The data below should be restated word for word, with every picture omitted.

SOURCE MATERIAL:
▽
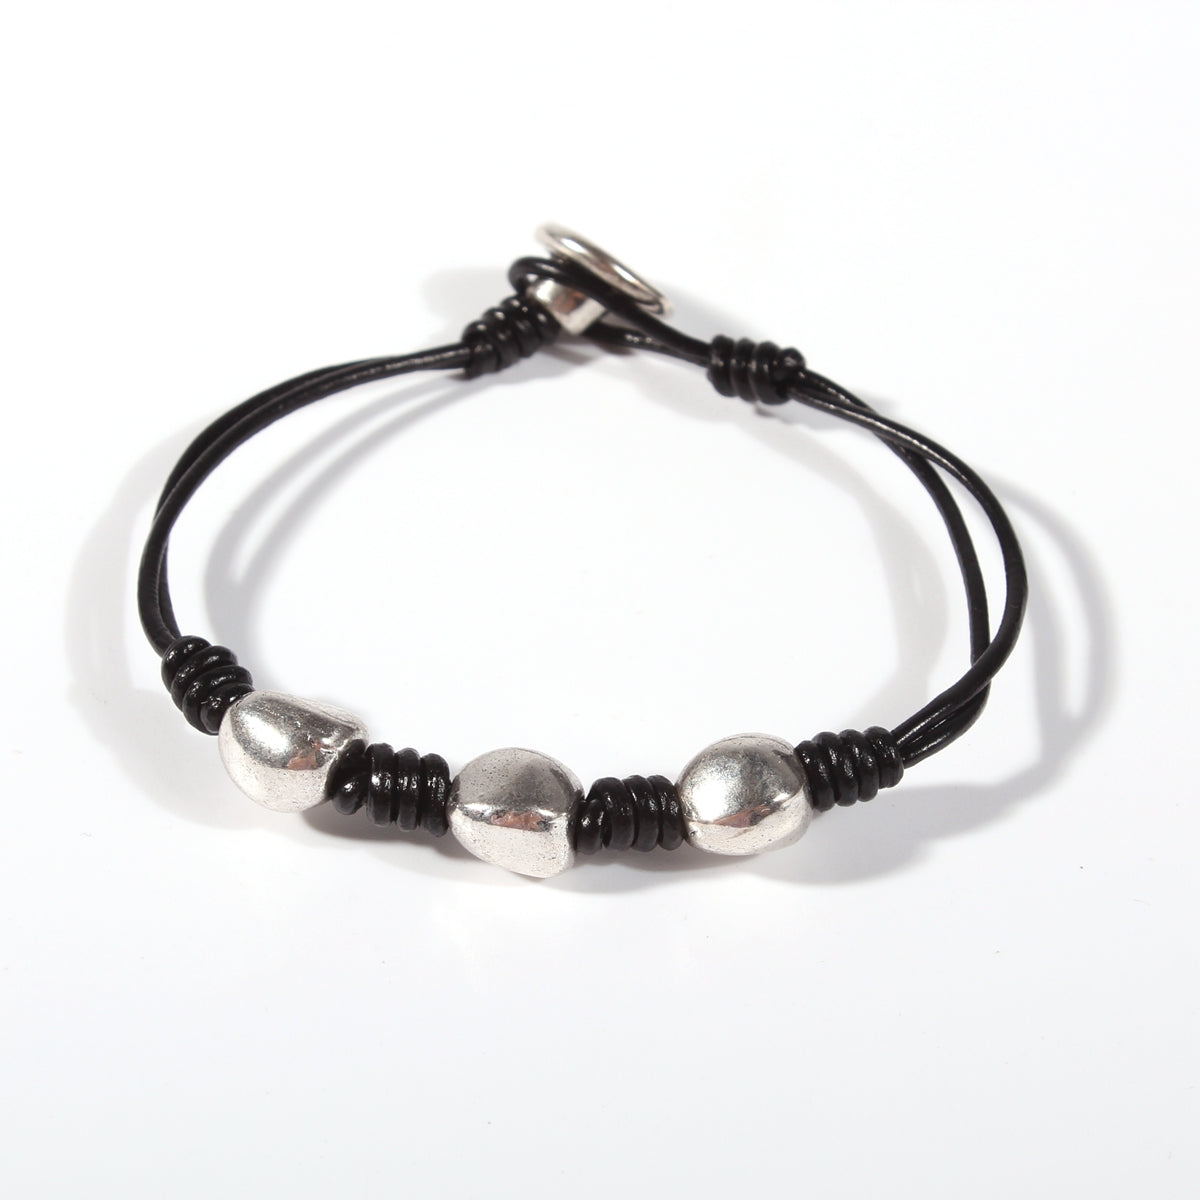 Genuine leather handmade women's bracelet MBR-03
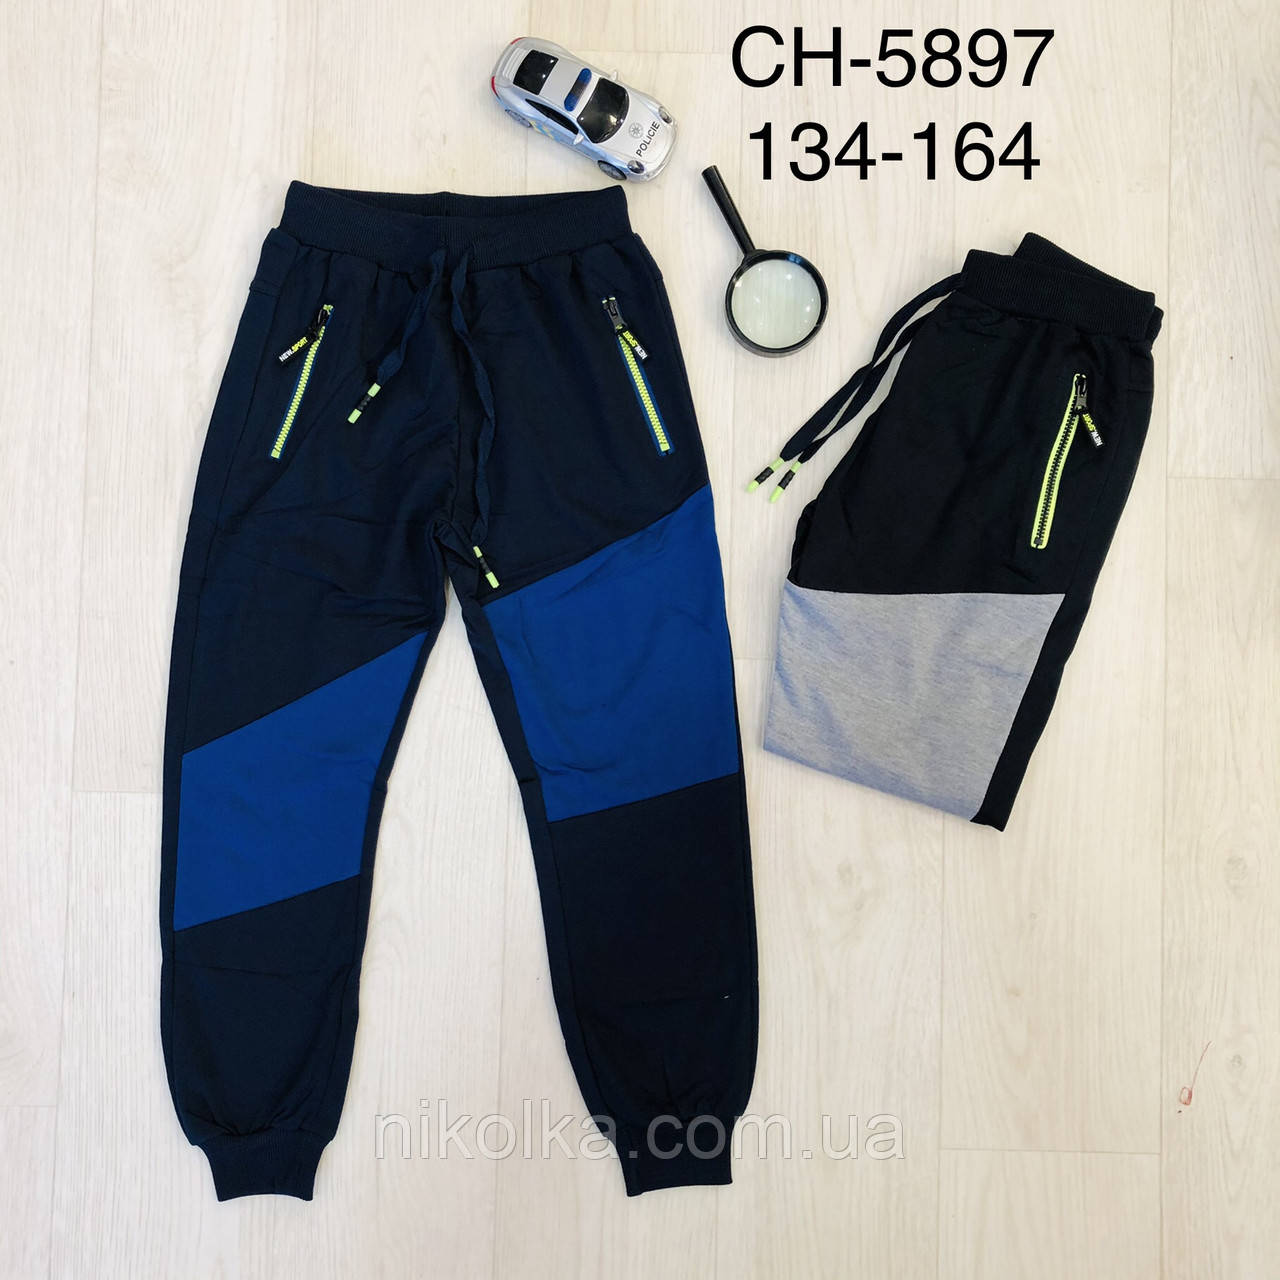 Спортивні штани на хлопчика оптом, S&D, 134-164 рр., арт. CH-5897
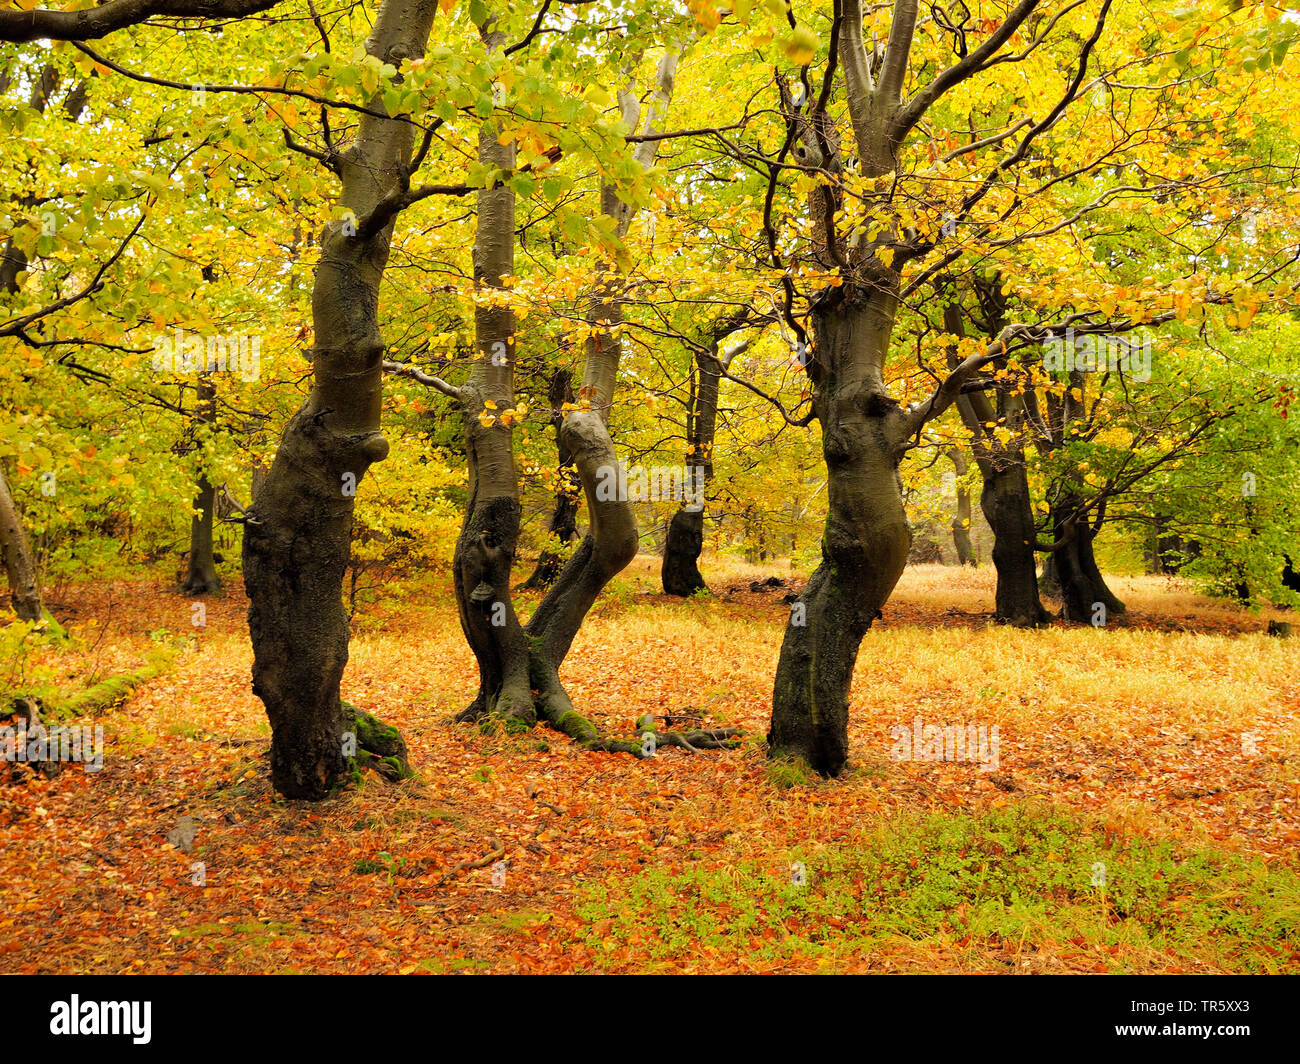 Le hêtre commun (Fagus sylvatica), vieille forêt de hêtres en automne, Bournak, République tchèque, montagnes, zones extractives Bournak, Mikulov Banque D'Images
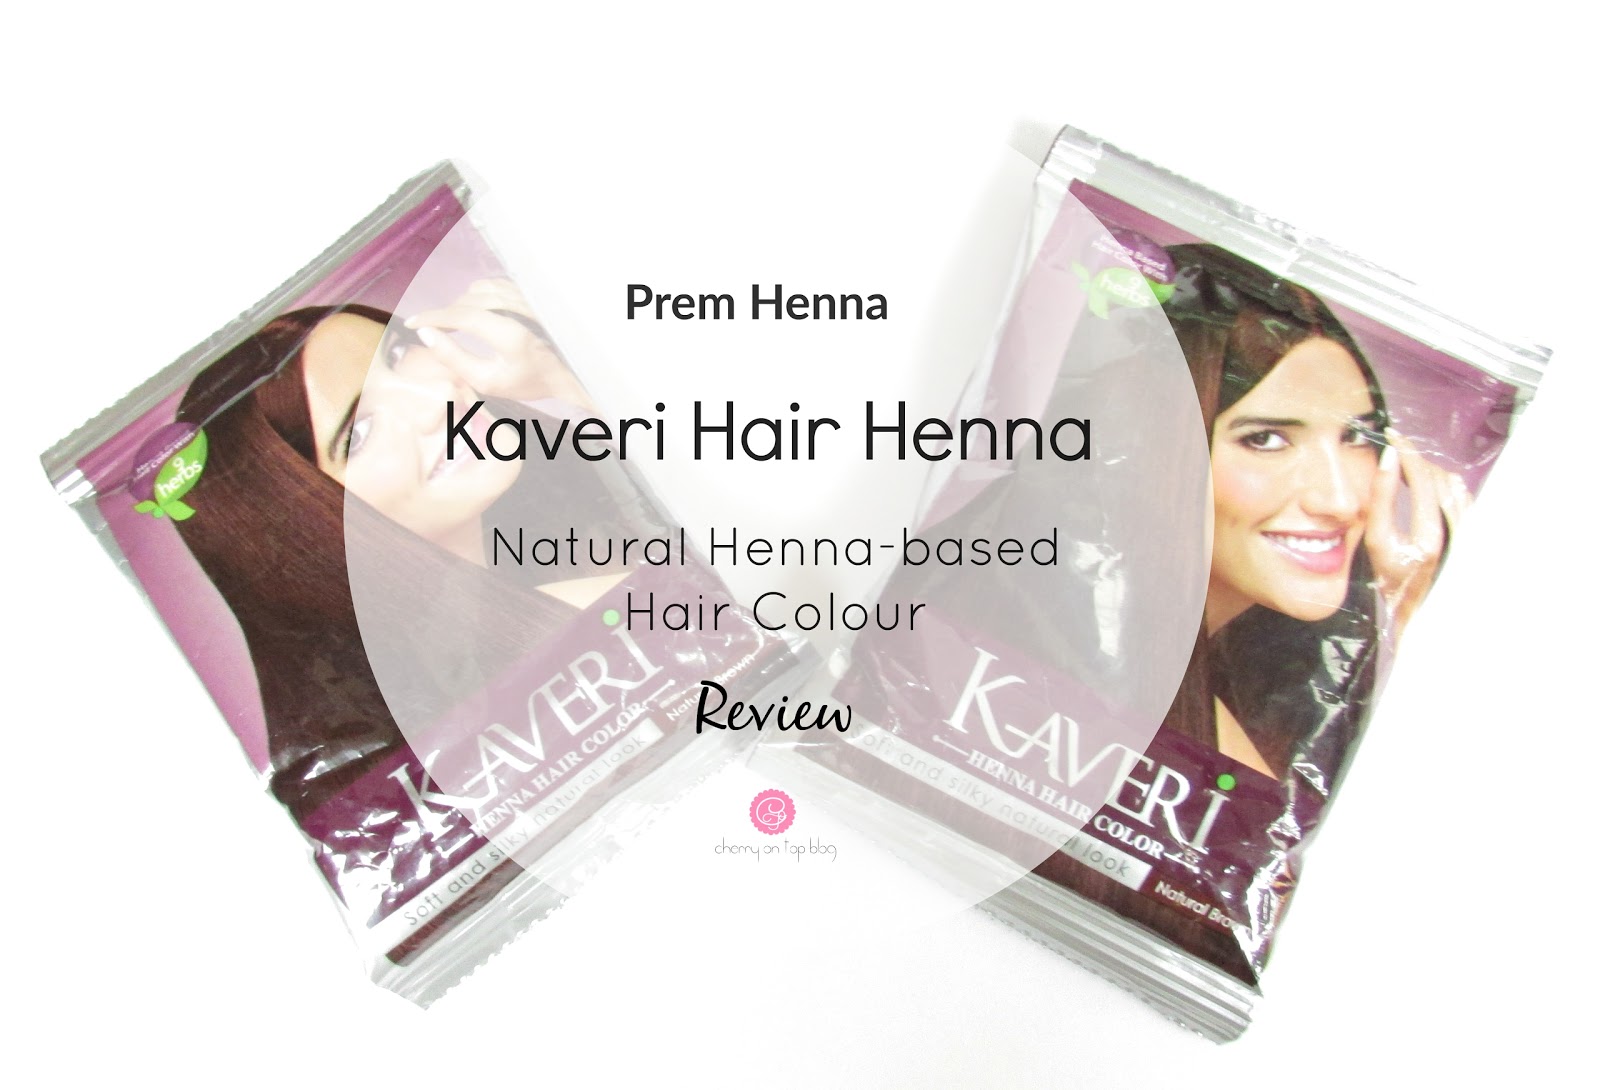 Prem Henna Kaveri Hair Henna Review| cherryontopblog
△
FINISHED TASK:
 Genuine leather handmade women's bracelet MBR-03
 Спортивні штани на хлопчика оптом, S&D, 134-164 рр., арт. CH-5897
 Le hêtre commun (Fagus sylvatica), vieille forêt de hêtres en automne, Bournak, République tchèque, montagnes, zones extractives Bournak, Mikulov Banque D'Images
 Prem Henna Kaveri Hair Henna Review| cherryontopblog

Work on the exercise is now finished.